Figure 9. Analysis of immune cell infiltration in the high- and low-risk groups via ssGSEA. (A) Heatmap showing the difference in immune infiltration between the high- and low-risk groups. (B) Correlation analysis of immune cell infiltration abundance in the AMI samples. Correlation between the infiltration levels of immune cells and the expression of key genes in the (C) low-risk group and (D) the high-risk group. *p < 0.05; **p < 0.01; ***p < 0.001. AMI, acute myocardial infarction; ssGSEA, single-sample GSEA.

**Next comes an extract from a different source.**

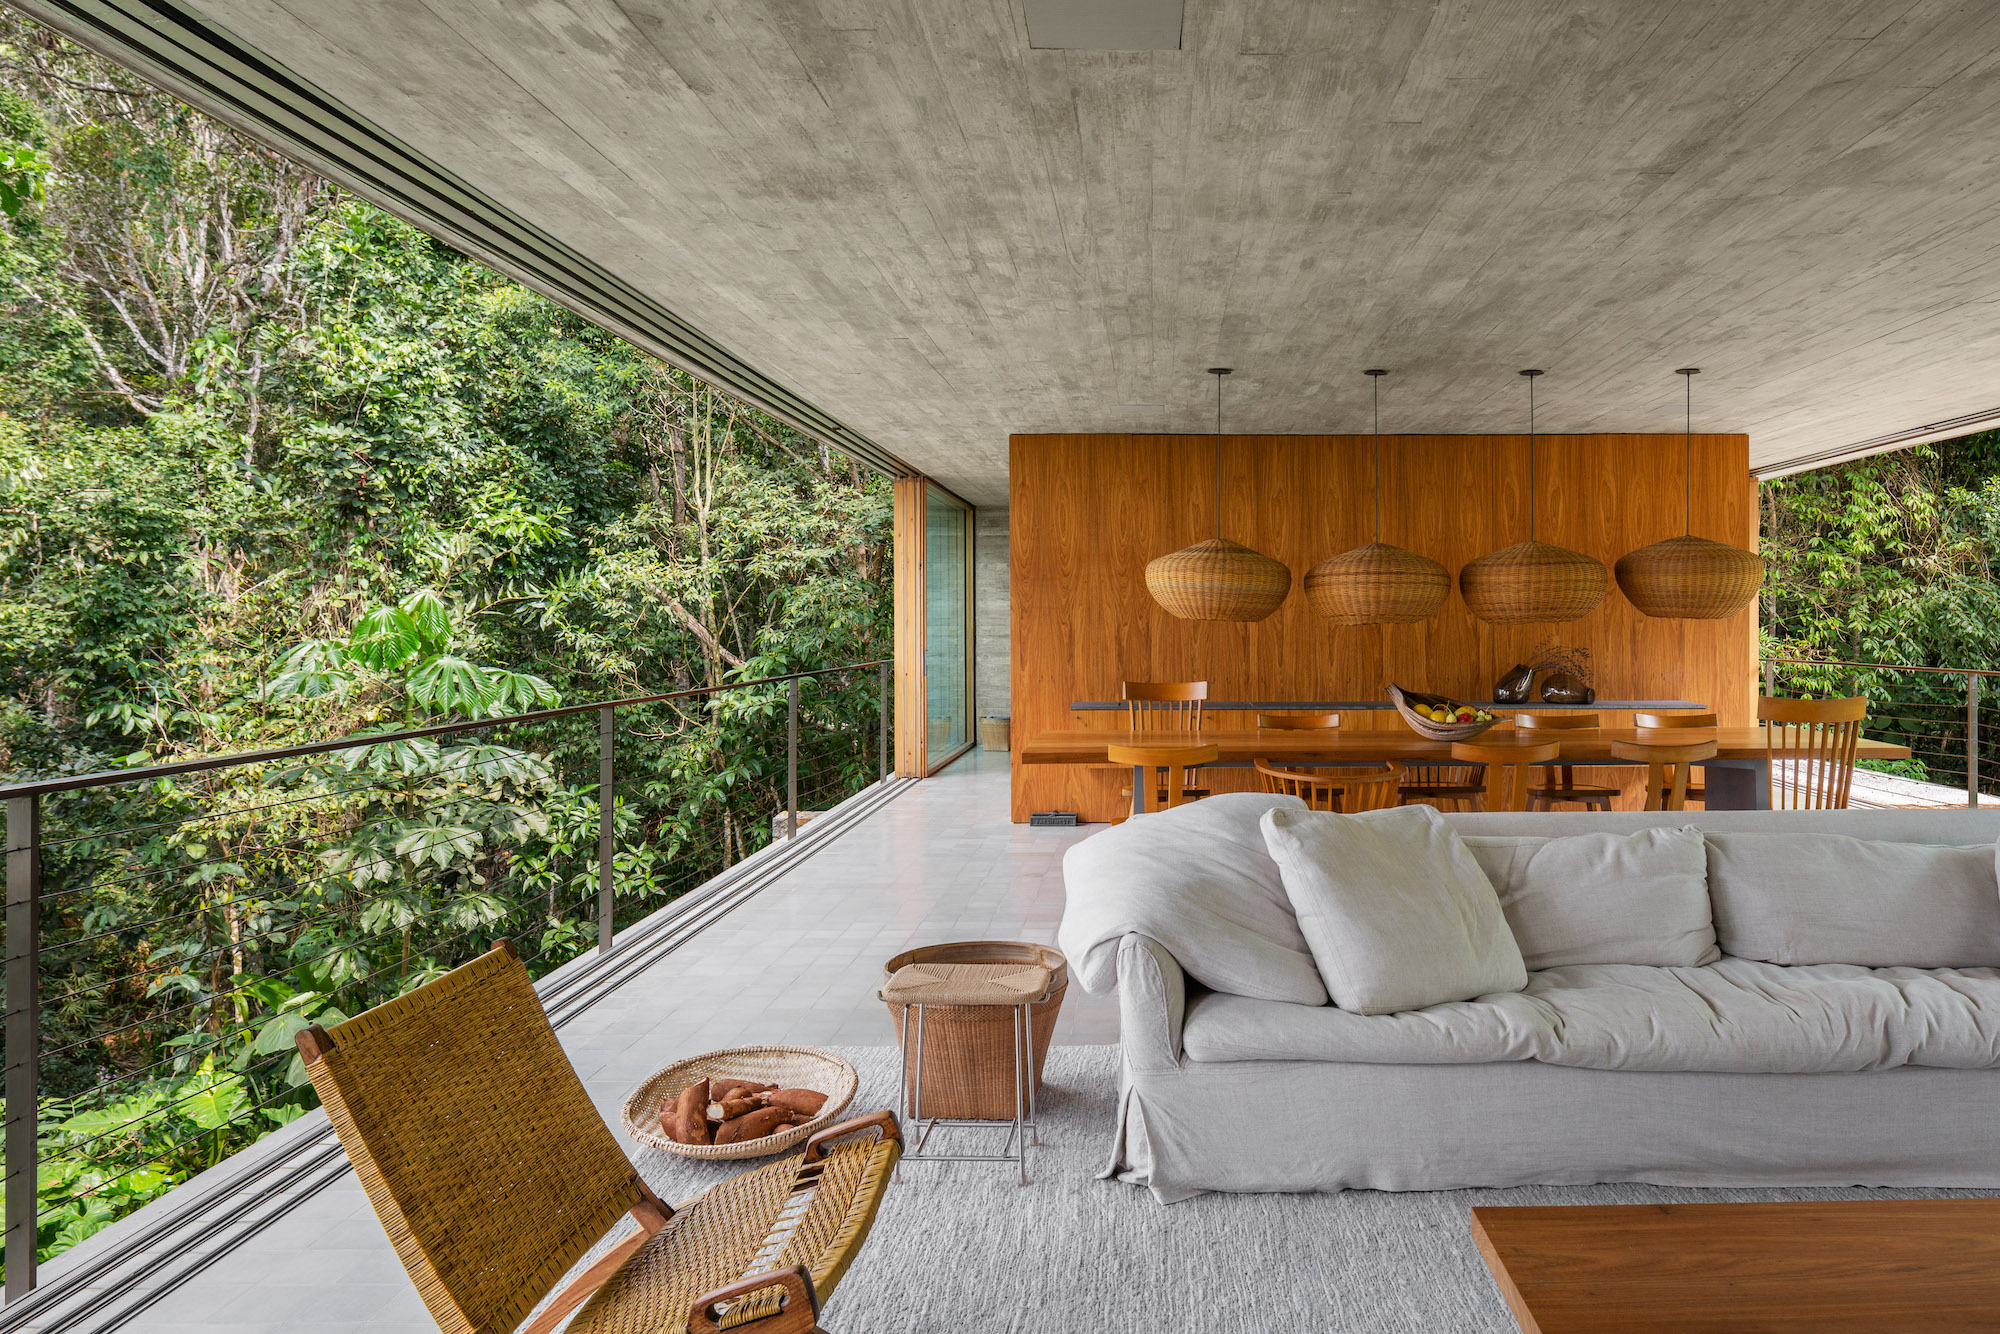 zul House in Serra do Guararu, Brazil is a masterclass in Tropical Modernism and Brutalism combined – Effect Magazine
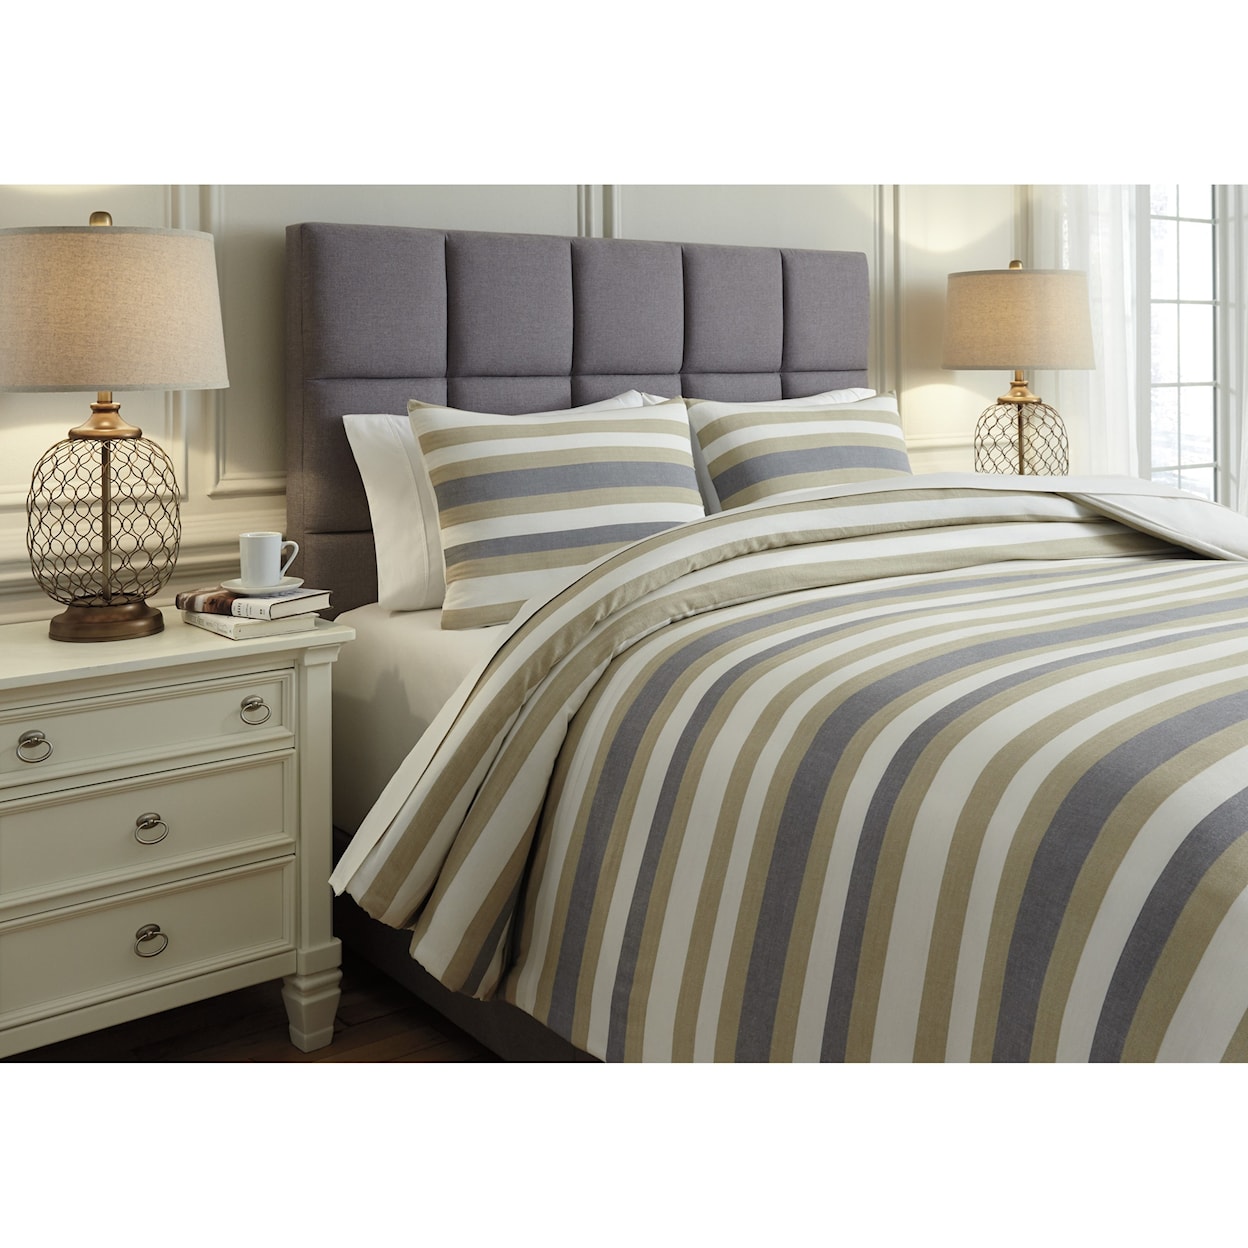 Ashley Furniture Signature Design Bedding Sets Queen Isaiah Gray/Tan Comforter Set

Furthermore, CIBERSORT was also applied to calculate the infiltration levels of immune cells in the two risk groups. We found the enrichment of 20 immune cells (abundance >0) including B cells, T cells, plasma cells, NK cells, and others. As shown in Figure 10A, neutrophils, macrophages, NK cells, and B cells were enriched in the AMI samples. Moreover, the correlation heatmap visualized the relationships between the infiltrating immune cells in the low- and high-risk groups (Figures 10B,C). Linear regression analysis demonstrated a remarkable correlation between key genes and infiltrating immune cells in the low- and high-risk groups (Figures 10D,E).

Figure 10

Figure 10. Immune cell infiltration analysis of the AMI dataset samples via CIBERSORT. (A) Stacking diagram of immune cell infiltration between the high- and low-risk groups. The correlation heatmap illustrating the correlations among infiltrating immune cells in (B) the low-risk group and (C) the high-risk group. Linear regression analysis revealing a significant correlation between key genes and infiltrating immune cells in the (D) low- and (E) high-risk groups. *p < 0.05, **p < 0.01, ***p < 0.001. AMI, acute myocardial infarction.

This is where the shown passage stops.